= Schutztruppe (board game) =

Cover art of the self-published 1st-edition

Schutztruppe, subtitled "East African Guerilla Warfare, 1914-1918", is a board wargame originally self-published by Jim Bumpas in 1975, then published by Flying Buffalo in 1978, that simulates the conflict between German Schutztruppe ("protection force", the name given to the colonial troops in German East Africa) and Allied forces during World War I.

==Background==
During World War I in East Africa, a small force of German-African soldiers under the command of Paul von Lettow-Vorbeck successfully waged a guerilla war against much larger conventional Allied forces, thereby tying down up to 300,000 Allied soldiers who could have been used in other, more active theatres of the war. The British were never able to bring the Schutztruppe to a full-scale battle, and German forces continued active operations until after the Armistice of 11 November 1918; when word of the armistice reached East Africa several weeks later, von Lettow-Vorbeck became the last German commander of the war to surrender to Allied forces.

==Description==
Schutztruppe is a 2-player board wargame set in East Africa. In the original self-published edition, the game starts in January 1916 and ends in November 1918; at one month per game turn, the game lasts 35 turns. In the second edition published by Flying Buffalo, the option of a longer game was added.

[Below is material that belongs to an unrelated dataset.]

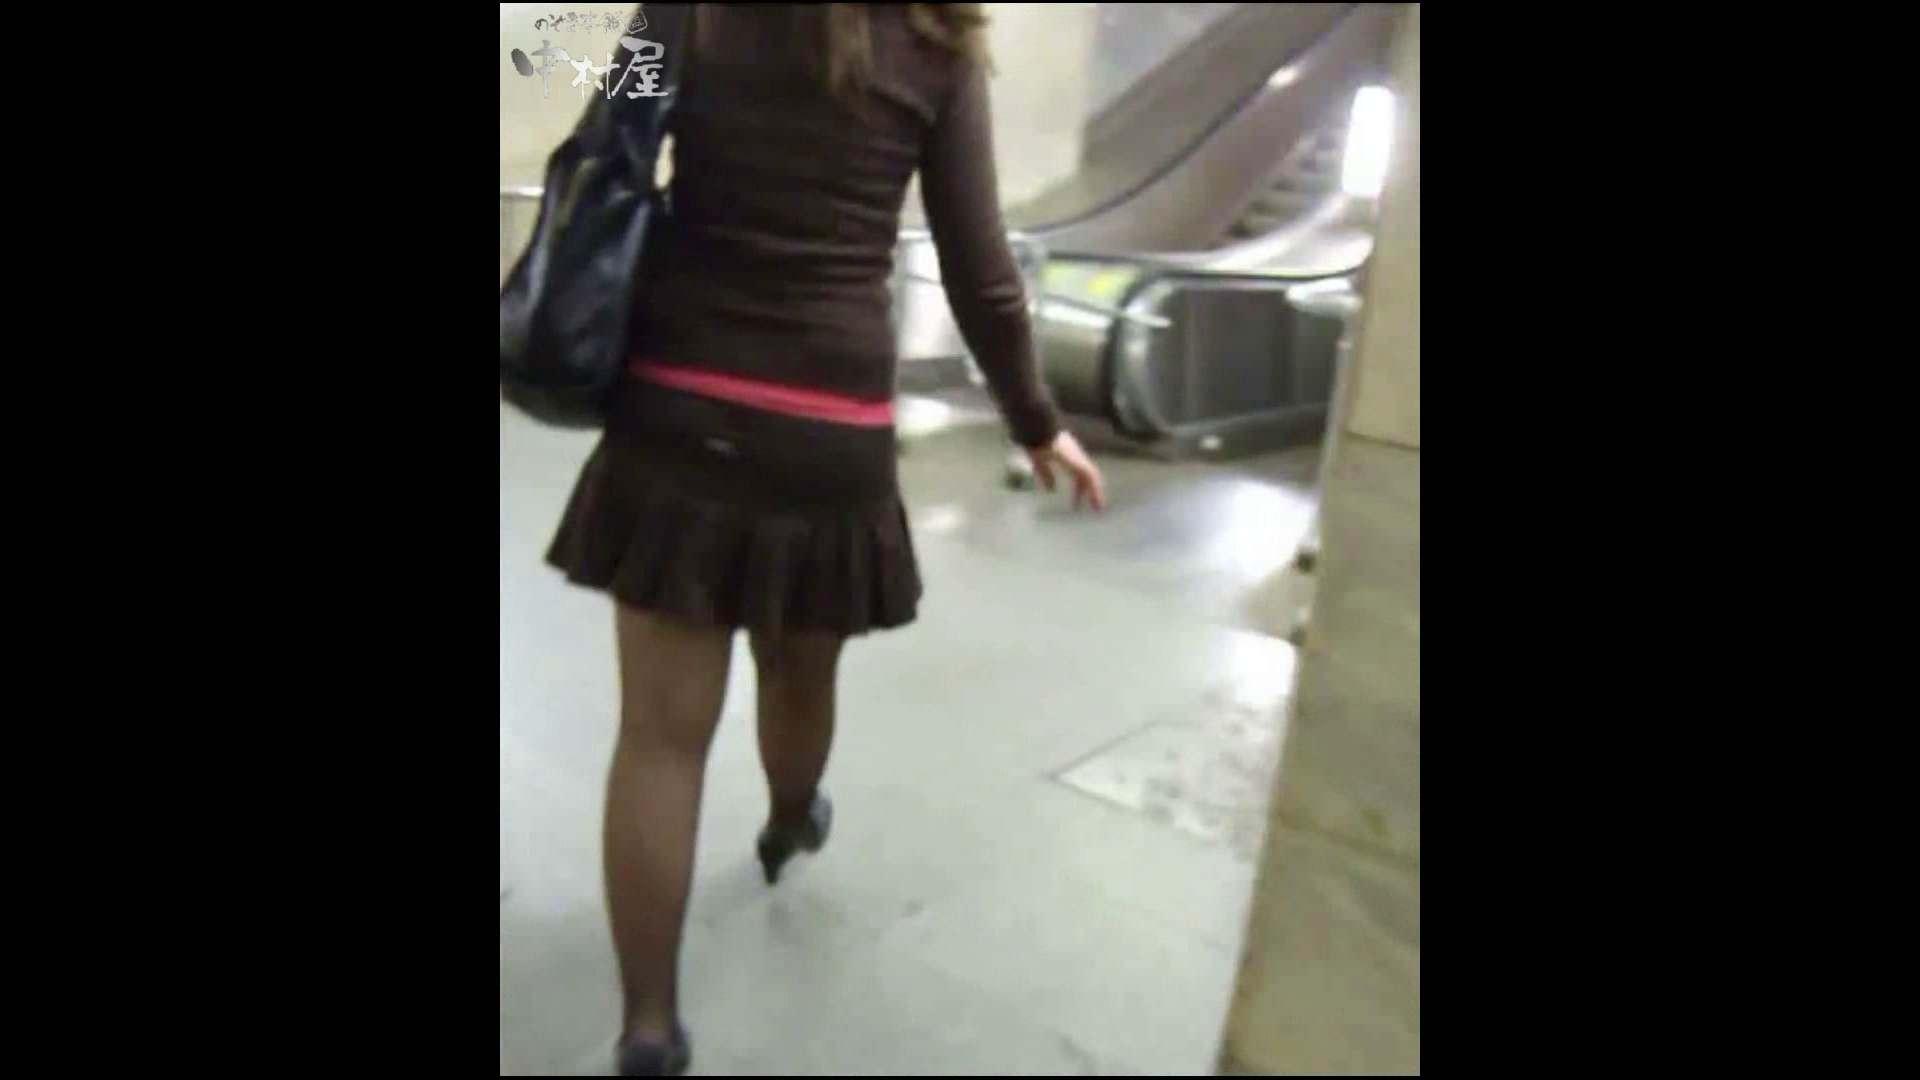 綺麗なモデルさんのスカート捲っちゃおう‼ vol11 お姉さんヌード | OLセックス  94画像 59

It started in August 1914, ended in November 1918 and lasted 54 turns.

===Components===
The game comes in a plastic bag and contains:
- 22" x 34" black-and-white hex grid map of a section East Africa, scaled at 10 mi (16 km) per hex
- 140 die-cut counters
- 8-page rulebook
- sheet of cover art

===Gameplay===
If the longer scenario (1914–1918) is played, the German player always goes first. If the shorter scenario (1916–1918) is played, the Allied player goes first. Several of the rules are applied differently to German and Allied forces to differentiate between the fluid guerrilla tactics of the Germans and the more road-based tactics of the Allies. For example, all terrain costs the Germans 1 movement point, with the exception of mountains, which cost 2. In contrast, Allies must use 2 movement points to cross grasslands and 3 in mountain hexes, and movement for their motorized units is doubled in those terrains. To simulate the difficulty the British had in bringing the Germans to combat, if a British unit ends its turn adjacent to a German unit, the German unit is allowed to retreat 3 hexes before the British unit can fire.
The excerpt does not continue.